Wakil Ketua Pengadilan Agama Probolinggo (Bapak Ihsan, S.H.I., M.H.) beserta Panitera (Bapak Moh. Nurholis, S.H.) mengikuti kegiatan Monitoring dan Evaluasi Penyelesaian Perkara Elektronik pada Rabu, 15 April 2026. Bertempat di Hotel Mercure Surabaya Grand Mirama, agenda tersebut diselenggarakan oleh Pengadilan Tinggi Agama Surabaya dan dihadiri oleh Ketua beserta Panitera dari satker pengadilan agama di wilayah Jawa Timur. Acara tersebut diselenggarakan oleh Pengadilan Tinggi Agama Surabaya sebagai sarana evaluasi kepaniteraan dalam rangka peningkatan kualitas kinerja terutama administrasi perkara, pelayanan publick, serta digitalisasi sistem peradilan.

Acara dibuka dengan laporan panitia penyelenggara kegiatan serta sambutan oleh Panitera Mahkamah Agung RI (Ibu Dr. Sudharmawatiningsih, S.H., M.H.) yang menegaskan pentingnya profesionalisme dan integritas aparatur kepaniteraan dalam memberikan layanan peradilan kepada masyarakat serta teliti dalam mengelola berkas perkara. Acara dilanjutkan dengan pemaparan materi inti oleh Bapak Dr. Musthofa, S.H., M.H. selaku Panitera Muda Mahkamah Agung RI. Acara dilanjutkan dengan sesi diskusi interaktif dan tanya jawab dari audiens terkait permasalahan kepaniteraan di lapangan.
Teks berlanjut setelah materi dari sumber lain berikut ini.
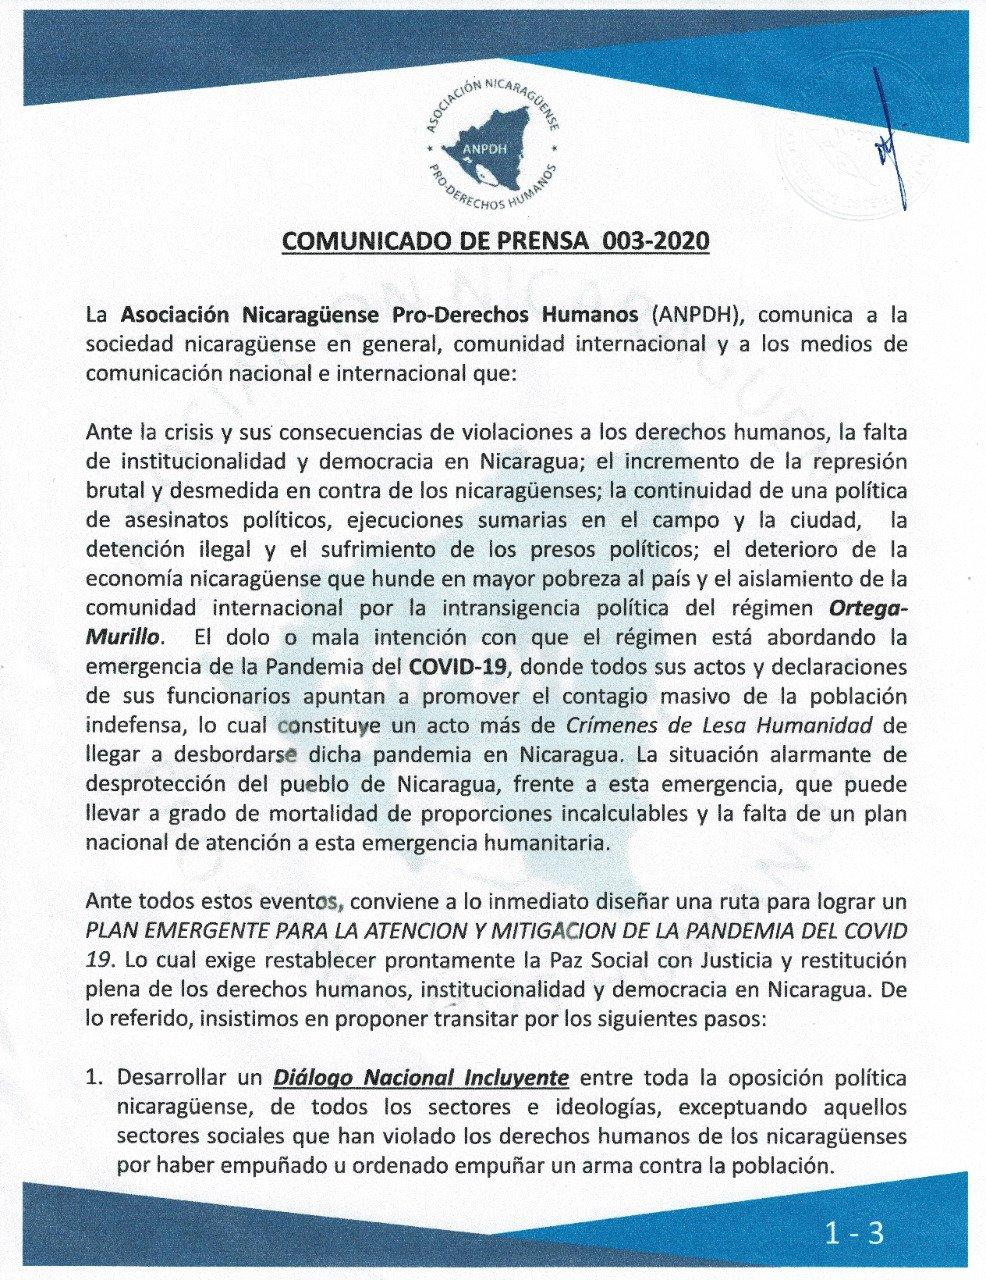 COMUNICADO-DE-PRENSA-03-2020-01.jpg

Dalam sesi penyampaian materi, Panitera Muda Mahkamah Agung RI menekankan agar setiap Panitera Pengadilan Agama beserta aparatur Kepaniteraan senantiasa memeriksa kelengkapan dokumen perkara baik secara fisik maupun elektronik untuk meminimalisir risiko dokumen perkara tidak terdeteksi dan tidak terbaca oleh sistem Mahkamah Agung RI karena kesalahan administratif. Beliau juga membahas standarisasi pemberkasan dokumen mediasi sesuai SK KMA 207/2023 dimana pengadilan cukup mengirimkan penetapan penunjukkan mediator beserta hasil mediasi tanpa menyertakan daftar hadir peserta guna menjaga privasi dari pihak berperkara. Selain itu, Beliau juga membahas bagaimana proses pengajuan perkara kasasi dan PK beserta jangka waktu penanganan perkara berdasarkan SK KMA 214/2014.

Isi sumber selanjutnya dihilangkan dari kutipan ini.